Not sure I get your question and I don't see the relation with the
testpmd patch.
I did not say we must not release resources.

Just to rephrase my previous mail:

Generally speaking, calling rte_eal_cleanup() from a signal handler is
wrong since it creates races with other threads.
I recommend putting in place a synchronisation mechanism so that all
worker threads break out of their processing loop and the main thread
synchronizes/joins with them before calling rte_eal_cleanup() in its
exit path.

Now, for this patch, in
examples/multi_process/client_server_mp/mp_client/client.c, this
secondary process code seems to only have one thread (but I might be
wrong).
If this is true, then no race in theory => my comment "This might not
be a problem in this multi_process example".
  
Stephen Hemminger July 5, 2023, 11:35 p.m. UTC | #4
On Thu,  8 Oct 2020 21:00:44 +0530
rohit.raj@nxp.com wrote:

> +static void
> +signal_handler(int signal)
> +{
> +	if (signal == SIGINT)
> +		rte_eal_cleanup();

NAK
Call rte_eal_cleanup in signal handler is not safe.

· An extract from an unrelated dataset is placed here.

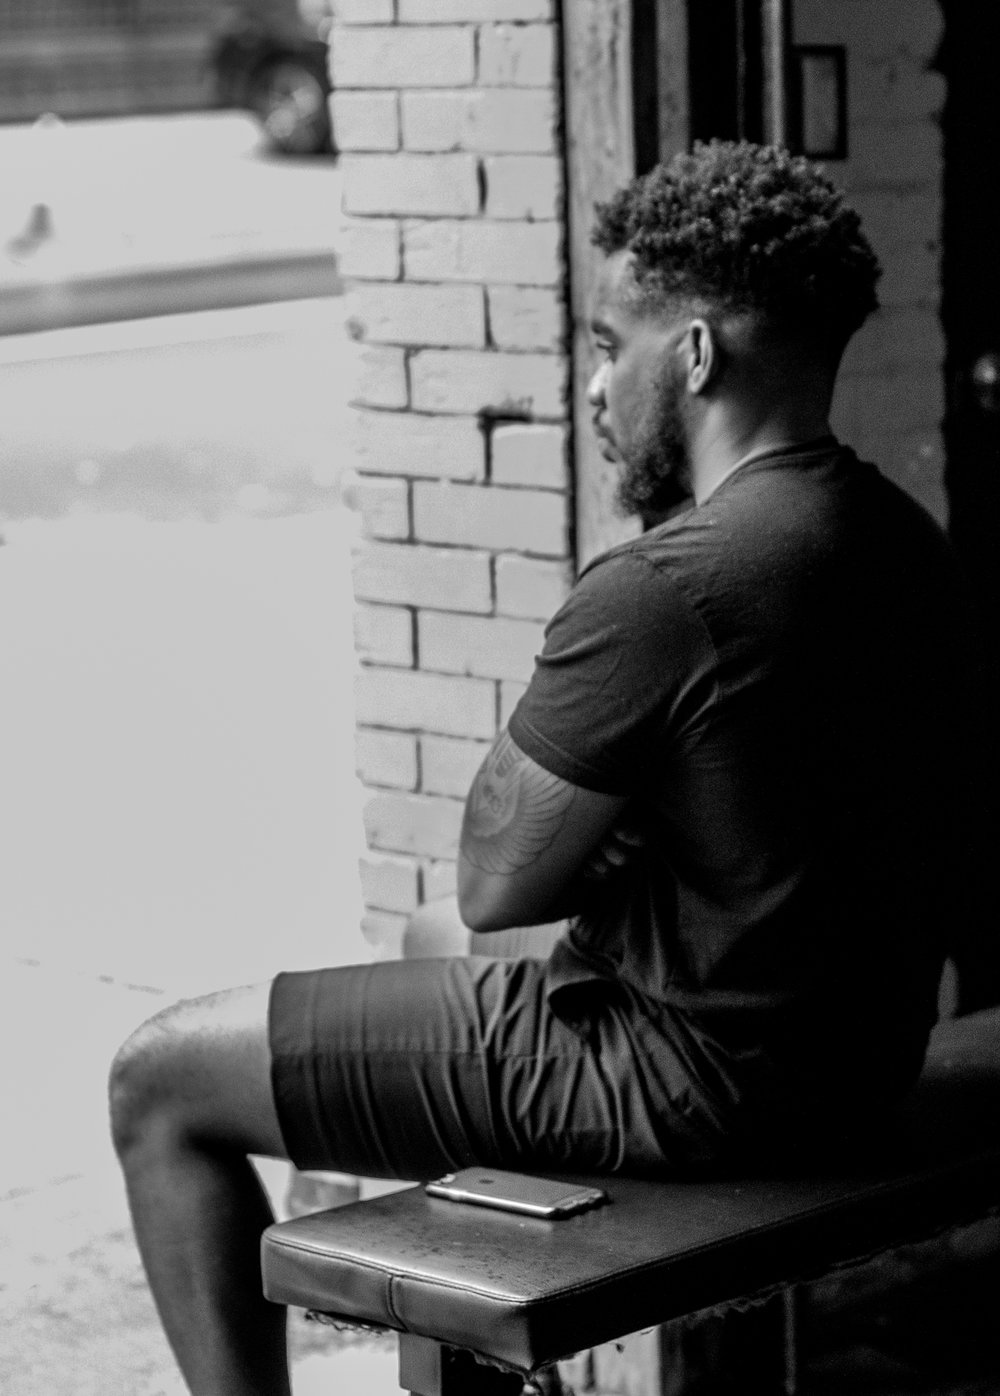 james-wright-visit-brooklyn-new-york-weightlifting-coach-teammates-october-2016 (1 of 92).jpg

Need to set a flag and handle it in main code.
  

Patch

diff --git a/examples/multi_process/client_server_mp/mp_client/client.c b/examples/multi_process/client_server_mp/mp_client/client.c
index 361d90b54..c37516b4c 100644
--- a/examples/multi_process/client_server_mp/mp_client/client.c
+++ b/examples/multi_process/client_server_mp/mp_client/client.c
@@ -11,6 +11,7 @@ 
 #include <stdlib.h>
 #include <getopt.h>
 #include <string.h>
+#include <signal.h>
 
 #include <rte_common.h>
 #include <rte_malloc.h>
@@ -196,6 +197,14 @@  handle_packet(struct rte_mbuf *buf)
 
 }
 
+static void
+signal_handler(int signal)
+{
+	if (signal == SIGINT)
+		rte_eal_cleanup();
+	exit(0);
+}
+
 /*
  * Application main function - loops through
  * receiving and processing packets. Never returns
@@ -217,6 +226,8 @@  main(int argc, char *argv[])
 	argc -= retval;
 	argv += retval;
 
+	signal(SIGINT, signal_handler);
+
 	if (parse_app_args(argc, argv) < 0)
 		rte_exit(EXIT_FAILURE, "Invalid command-line arguments\n");
 
diff --git a/examples/multi_process/client_server_mp/mp_server/main.c b/examples/multi_process/client_server_mp/mp_server/main.c
index 280dab867..b0241cc20 100644
--- a/examples/multi_process/client_server_mp/mp_server/main.c
+++ b/examples/multi_process/client_server_mp/mp_server/main.c
@@ -275,11 +275,13 @@  signal_handler(int signal)
 {
 	uint16_t port_id;
 
-	if (signal == SIGINT)
+	if (signal == SIGINT) {
 		RTE_ETH_FOREACH_DEV(port_id) {
 			rte_eth_dev_stop(port_id);
 			rte_eth_dev_close(port_id);
 		}
+		rte_eal_cleanup();
+	}
 	exit(0);
 }